== Data excerpt ==
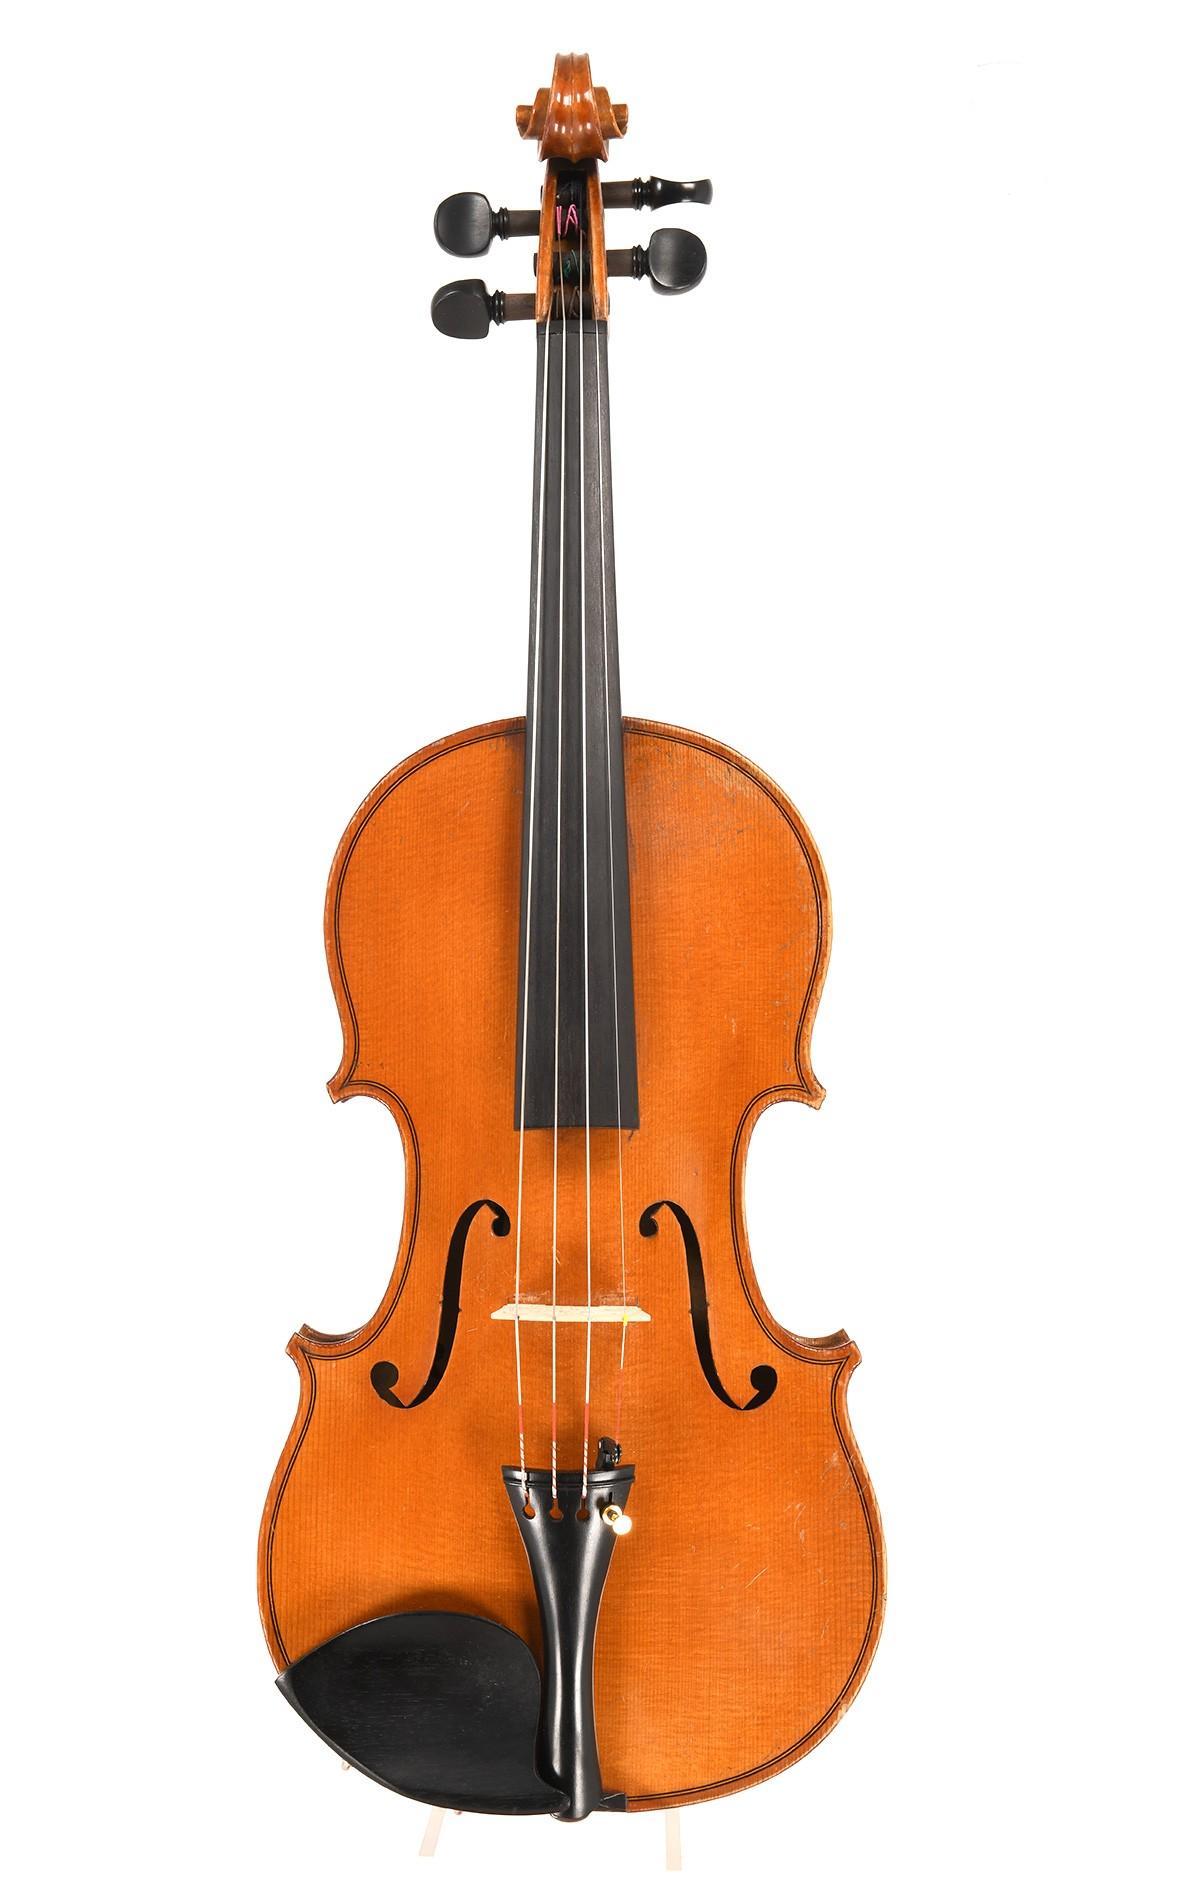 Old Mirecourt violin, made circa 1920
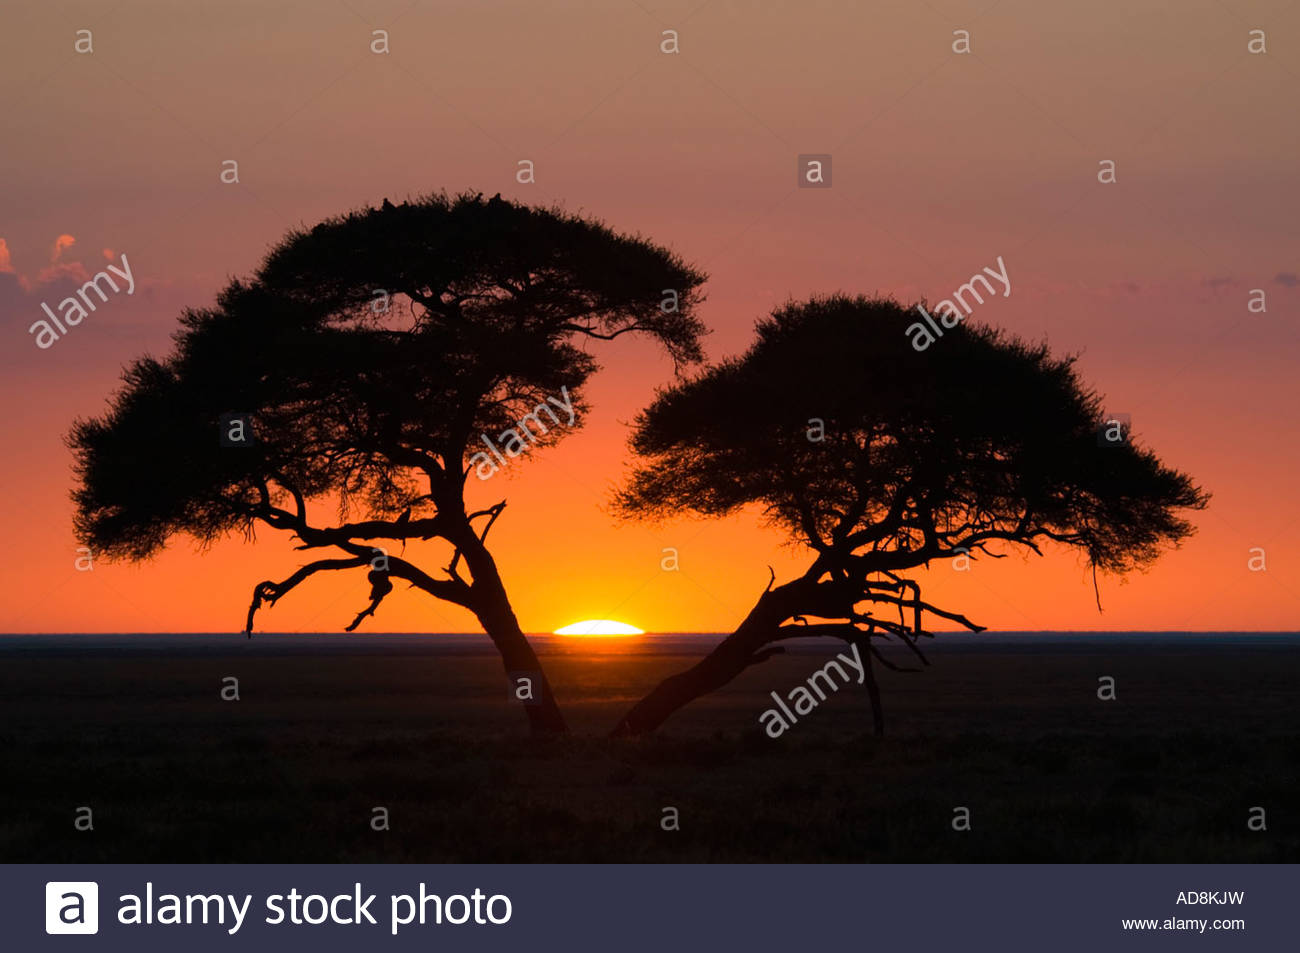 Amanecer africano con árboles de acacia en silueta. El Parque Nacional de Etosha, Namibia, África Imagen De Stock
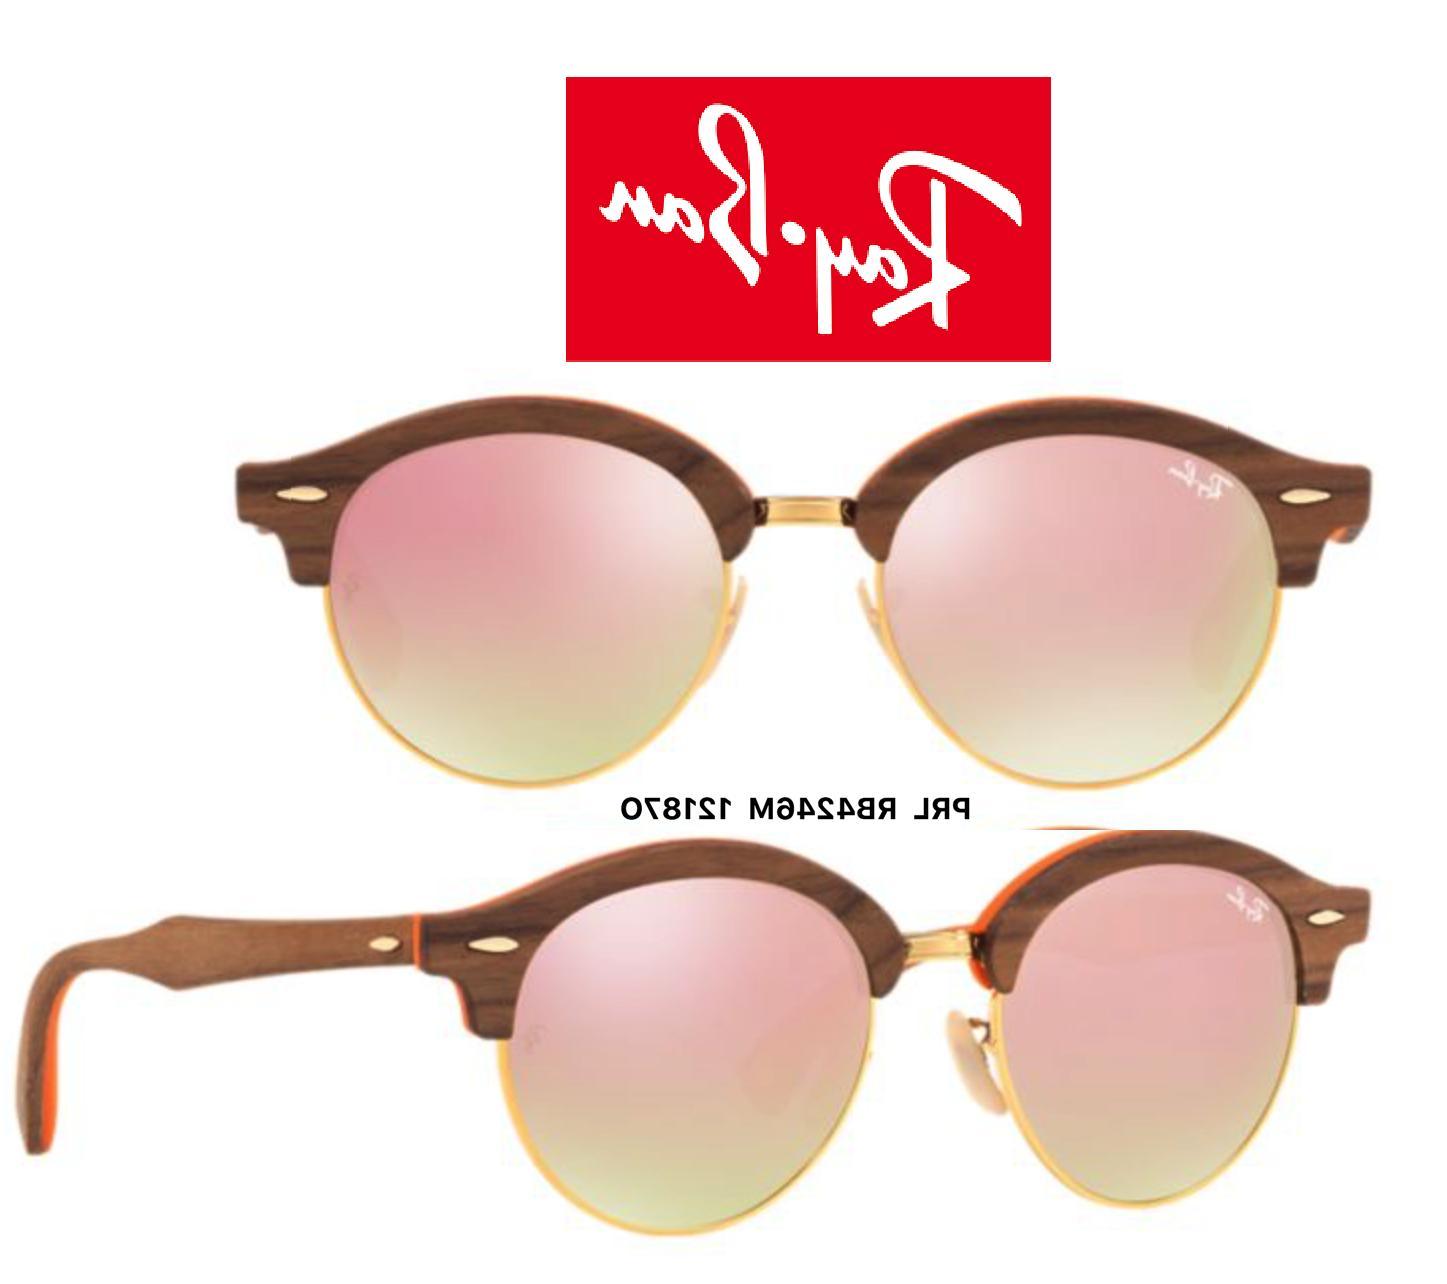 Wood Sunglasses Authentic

== Problem requirements ==
From the material above, copy everything exactly but the pictures.

== Answer box ==
 Old Mirecourt violin, made circa 1920
 Amanecer africano con árboles de acacia en silueta. El Parque Nacional de Etosha, Namibia, África Imagen De Stock
 Wood Sunglasses Authentic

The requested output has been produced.